金融・商事判例1425号で紹介された事例です(東京高裁平成25年4月18日判決)。



本件は,妻が自衛官の夫との離婚に伴う財産分与請求権を保全するため,夫の国(防衛省)に対する退職金請求権を仮差押えしましたが,その後離婚と財産分与を求める離婚訴訟を提起し,勝訴したのは仮差押えから約14年も経ってから,というものでした。なお,仮差押えから約4年後,夫は退職金を受け取った上で自衛隊を退職してしまっていました。




妻は,夫に対する財産分与請求を認めた離婚訴訟の判決をもって,国に対して改めて本差押えをしましたが,国側は「夫が退職してから5年以上が経過しており,会計法が定める消滅時効を援用する」と主張して争いました(会計法では国に対する債権の消滅時効期間は5年とされており退職金請求権も含まれるとされています。)。




妻側は,約14年前にした仮差押えによって,退職金請求権の消滅時効は民法147条2号に基づき中断されていると主張しました。




消滅時効の中断というのは,それまで進行していた消滅時効がゼロにリセットされるというものですが,差押えや仮差押えに基づく中断の場合には,(仮)差押え手続が継続している限り効力が存続すると考えられているので,13年前にしていた仮差押えであっても,取下げなどで手続きが終了していない限り,今でも中断の効力が続いているのではないかと主張したというわけです。




しかし,一審裁判所も本高裁判決も,仮差押えによって消滅時効の進行が中断されるのは,保全された被差押債権(本件の場合の退職金請求権)ではなく,被保全債権(本件の場合の財産分与請求権)であるとし,妻側の主張は認めませんでした。

差押えなどで消滅時効が中断されるのは,差押えがされることによって権利についての一定の証明がされるからですが,証明されるのは被保全債権であって,被仮差押え債権ではないからという理屈です。本件は仮差押えが問題となった事案でしたが,差押えについて大審院の古い判例があり,これについても論拠とされています。
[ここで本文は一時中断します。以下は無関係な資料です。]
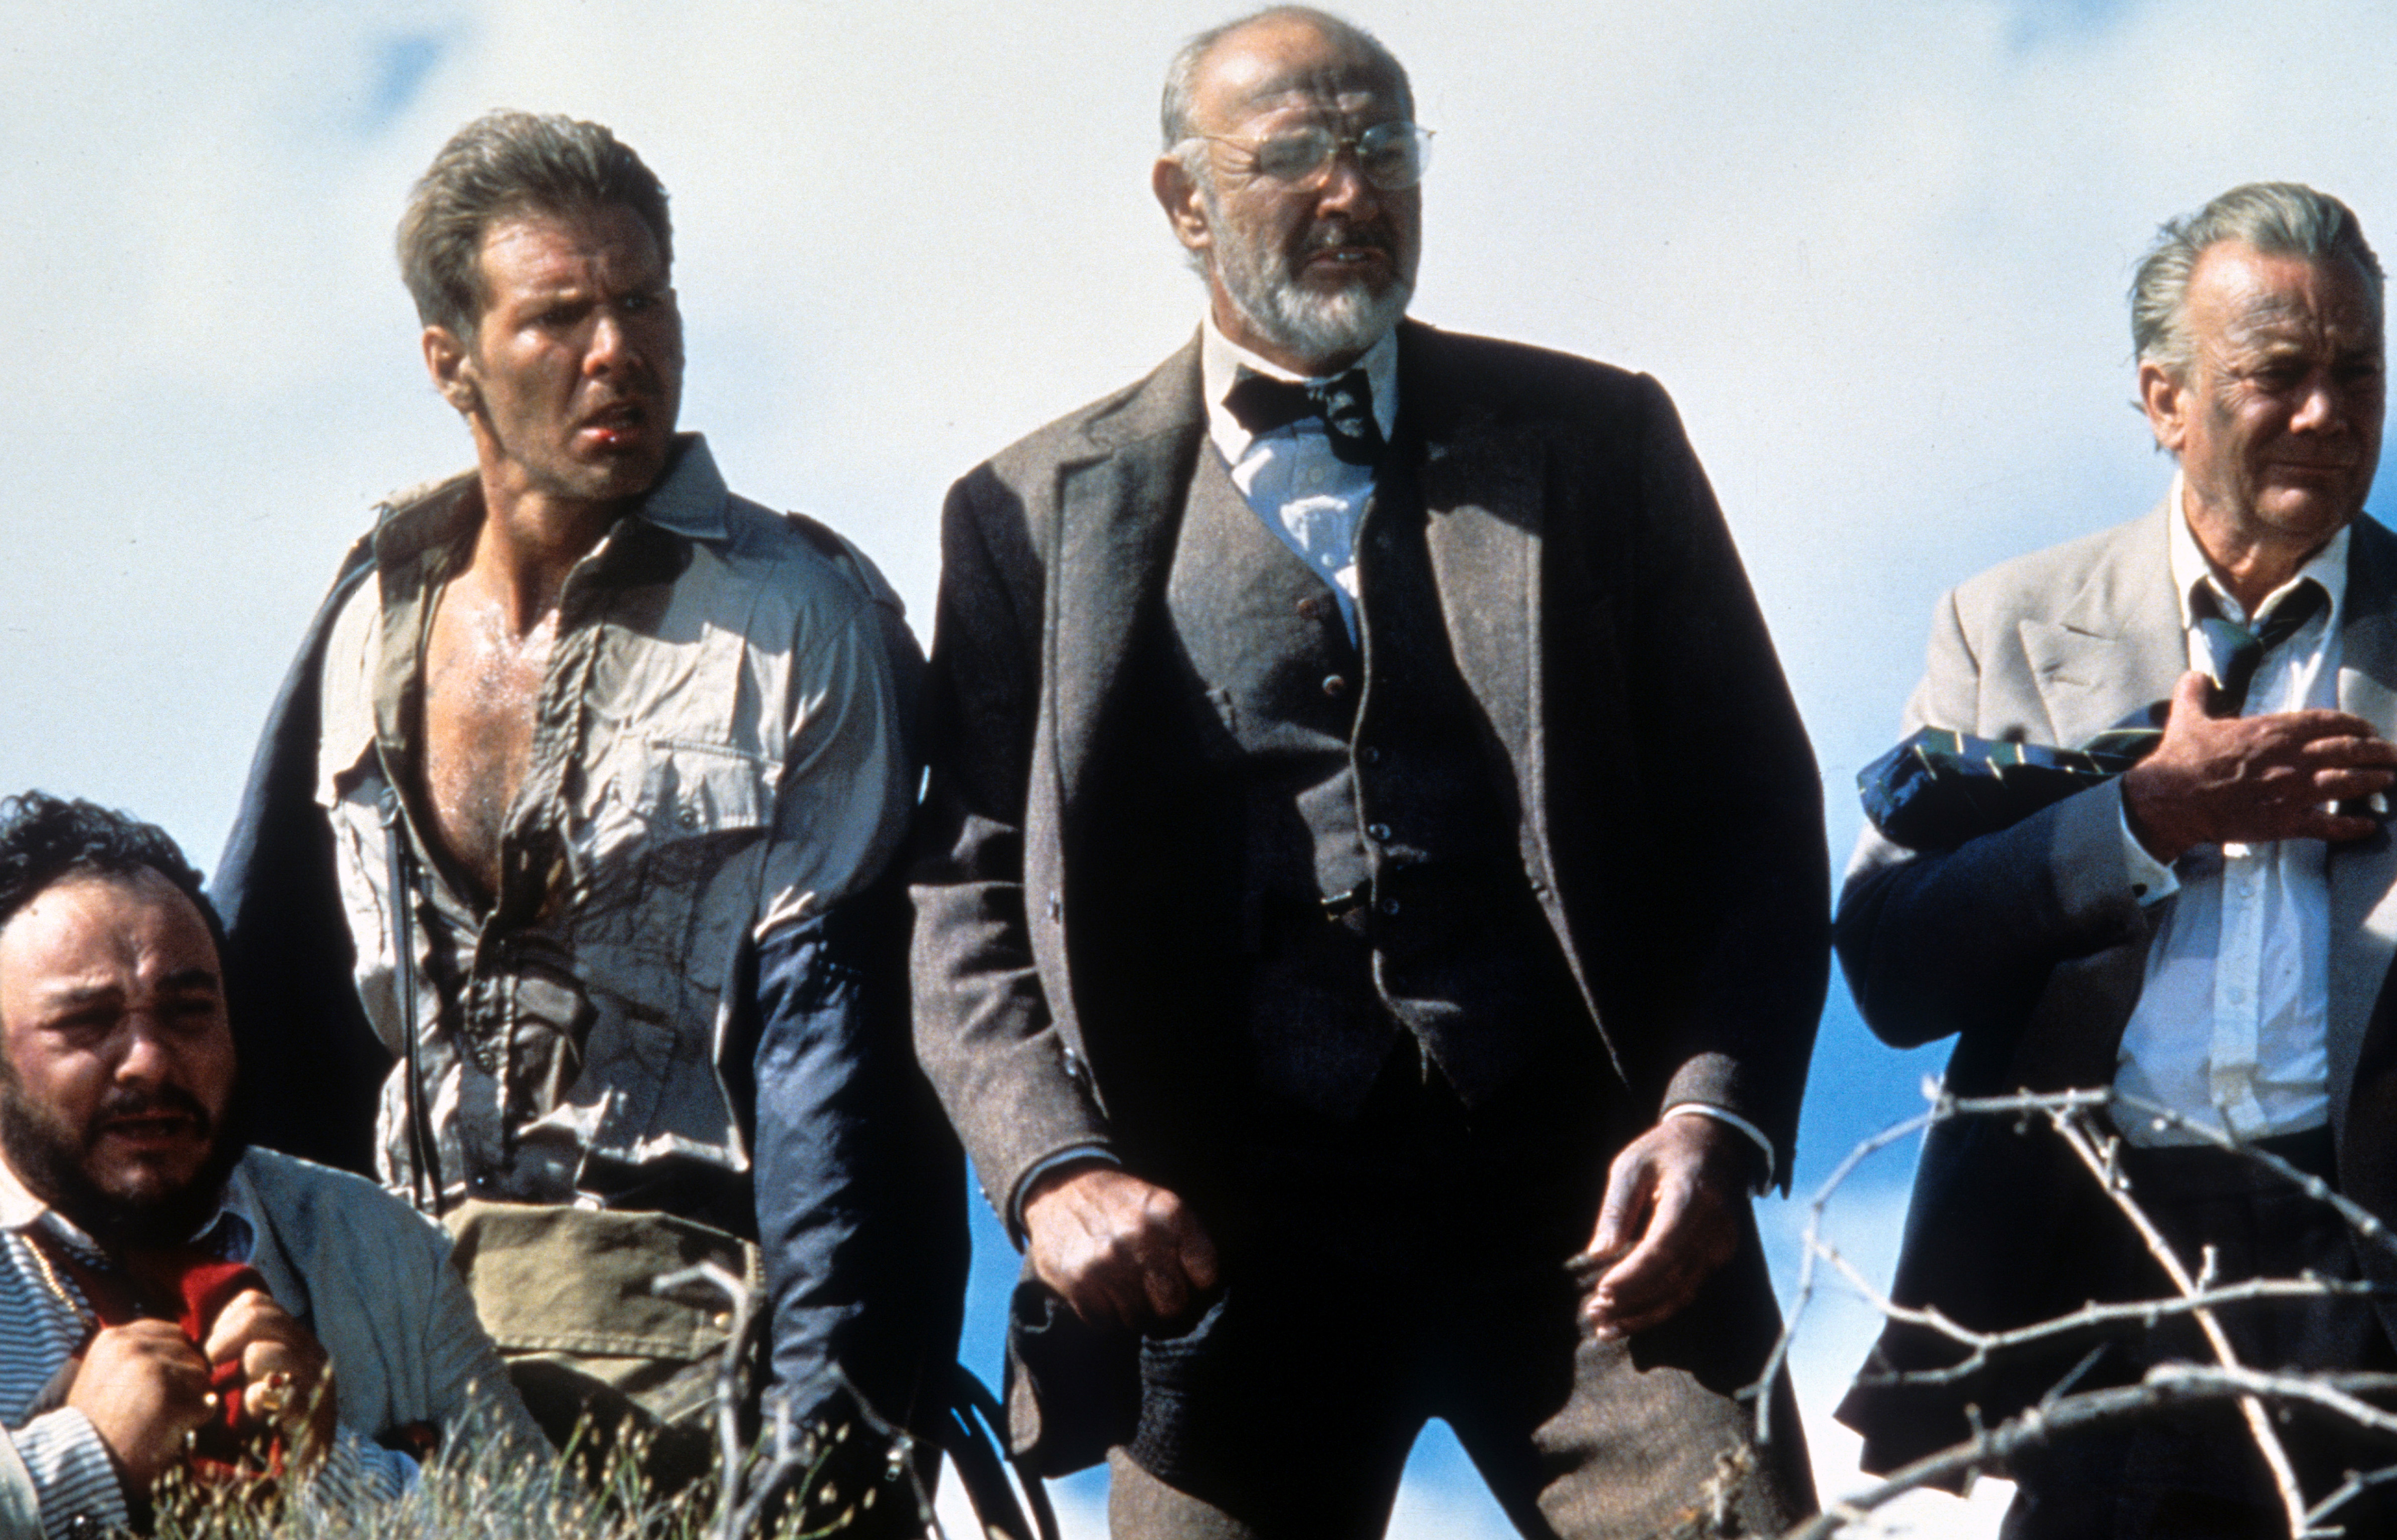 Sean Connery, Harrison Ford, Denholm Elliott, and John Rhys-Davies in Indiana Jones and the Last Crusade (1989)

そうすると,せっかく仮差押えをしても,差し押さえた被差押債権の消滅時効を中断でき無くなってしまい不都合ではないかというところですが,この点については,債権者代位訴訟といって,債権者(本件の場合の妻)が第三債務者(本件の場合の国)を相手取って直接訴訟提起することもできるのだから不都合はないとされています。




なお,本件で,国は,仮差押えがされているのにもかかわらず夫に対して退職金を支払ってしまっています。

これはこれで問題のある行為ですが,仮に,消滅時効が完成しない間に,妻が離婚訴訟に基づくなどして国に対して支払を求めていれば,国は妻に対して二重払いをしなければならない立場であったわけであり,国が夫に対して退職金を支払ってしまったから妻が退職金相当額を受け取れなくなったという関係にはならないのだからということで,この点に関する妻の国賠請求についても退けられています。




仮差押えしたら早めに本訴訟提起しましょう。




なお,本件は上告受理の申立がされているということです。